Increased body mass index is negatively associated with ovarian reserve as measured by anti-Müllerian hormone in patients with polycystic ovarian syndrome.

Anti-Müllerian hormone (AMH) is commonly used as a marker of ovarian reserve. Although obesity is associated with decreased fertility, the relationship between body mass index (BMI) and AMH remains uncertain, hindering the accurate interpretation of AMH. We sought to assess the relationship between serum AMH and BMI in patients with and without polycystic ovarian syndrome (PCOS). This study analysed 500 patients at a single centre between 2020 and 2021. Patients were divided into cohorts: those with BMI <40 kg/m2 and those with BMI >40 kg/m2. Patients with and without PCOS were included.
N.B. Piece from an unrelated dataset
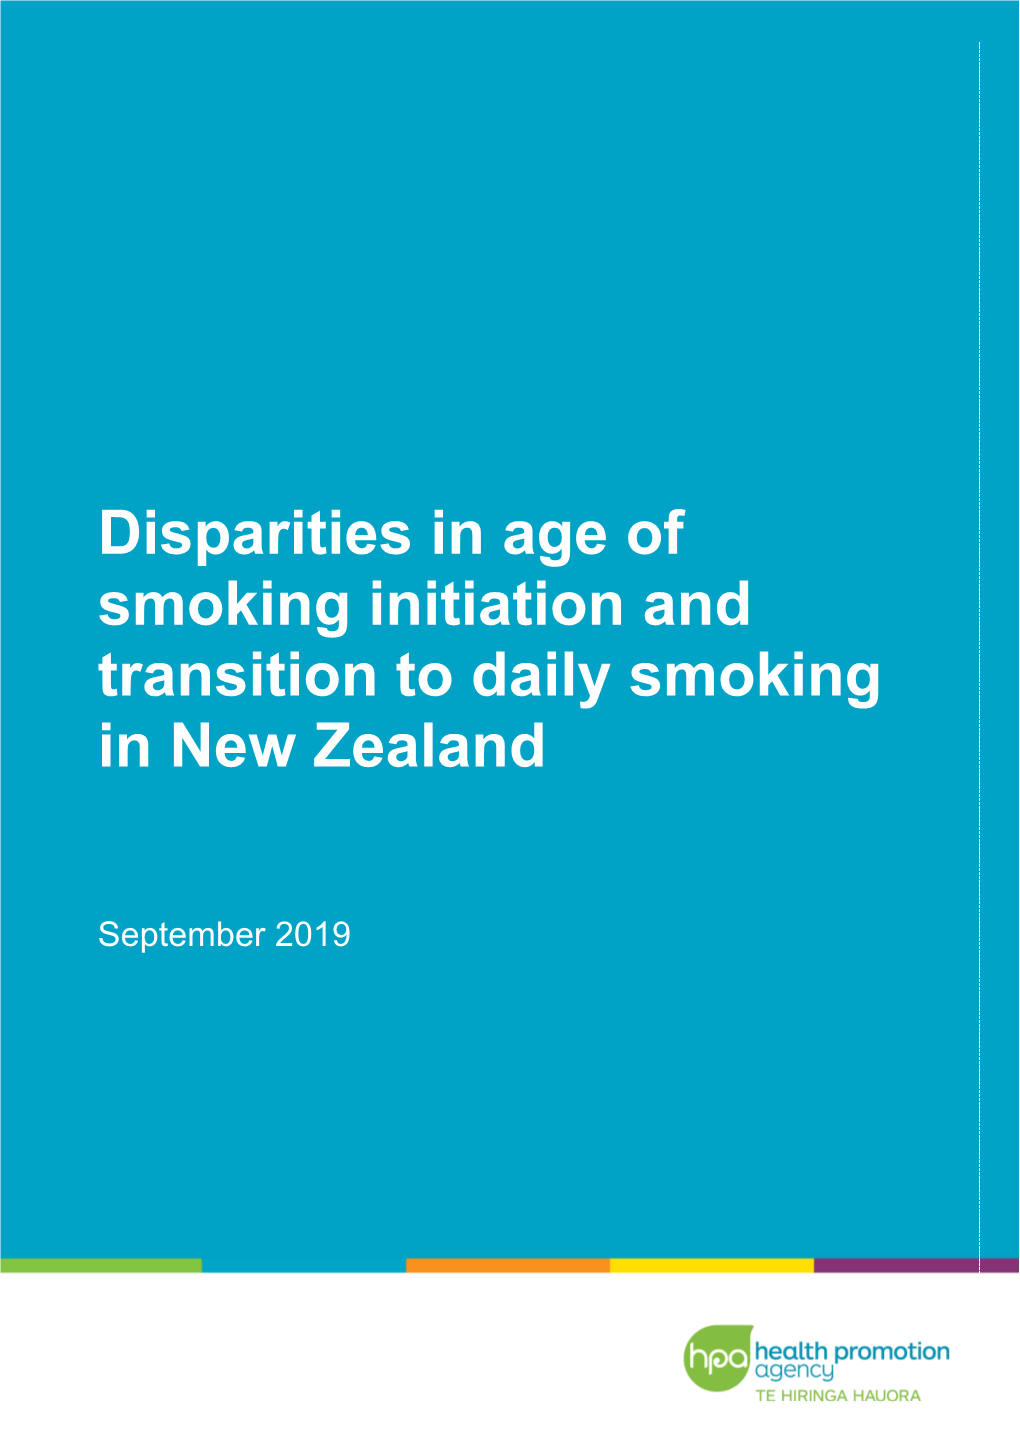 Disparities in Age of Smoking Initiation and Transition to Daily Smoking in New Zealand

Chi-square tests, Fisher's exact tests, multiple linear regression analysis and independent t-tests were performed as appropriate. In the general study population, serum AMH was not significantly different in the BMI >40 kg/m2 group compared to the BMI <40 kg/m2 group (4.3 ± 5.6 vs. 4.3 ± 5.6, p = .35). Patient ages between these two groups differed, with an average age of 35.4 ± 5.4 years in the BMI <40 kg/m2 group and 33.7 ± 5.4 years in the BMI <40 kg/m2 group (p = .031). Our multivariate regression analysis, which adjusted for age, demonstrated a significant interaction effect between BMI and PCOS diagnosis, indicating that the relationship between BMI and AMH is dependent on PCOS status (ß = -.03, 95% confidence interval [CI]: -0.05, 0.00, p = .044). In patients without PCOS, we found a non-significant relationship between AMH and BMI (ß = .00, 95% CI -0.01, 0.01, p = .7); however, in patients with PCOS, AMH significantly decreased as BMI increased (ß = -.03, 95% CI -0.06, 0.00, p = .034). BMI has an inverse association with AMH levels in patients with PCOS, indicating a need for future research to determine if that interaction represents a clinically significant negative effect on reproductive function.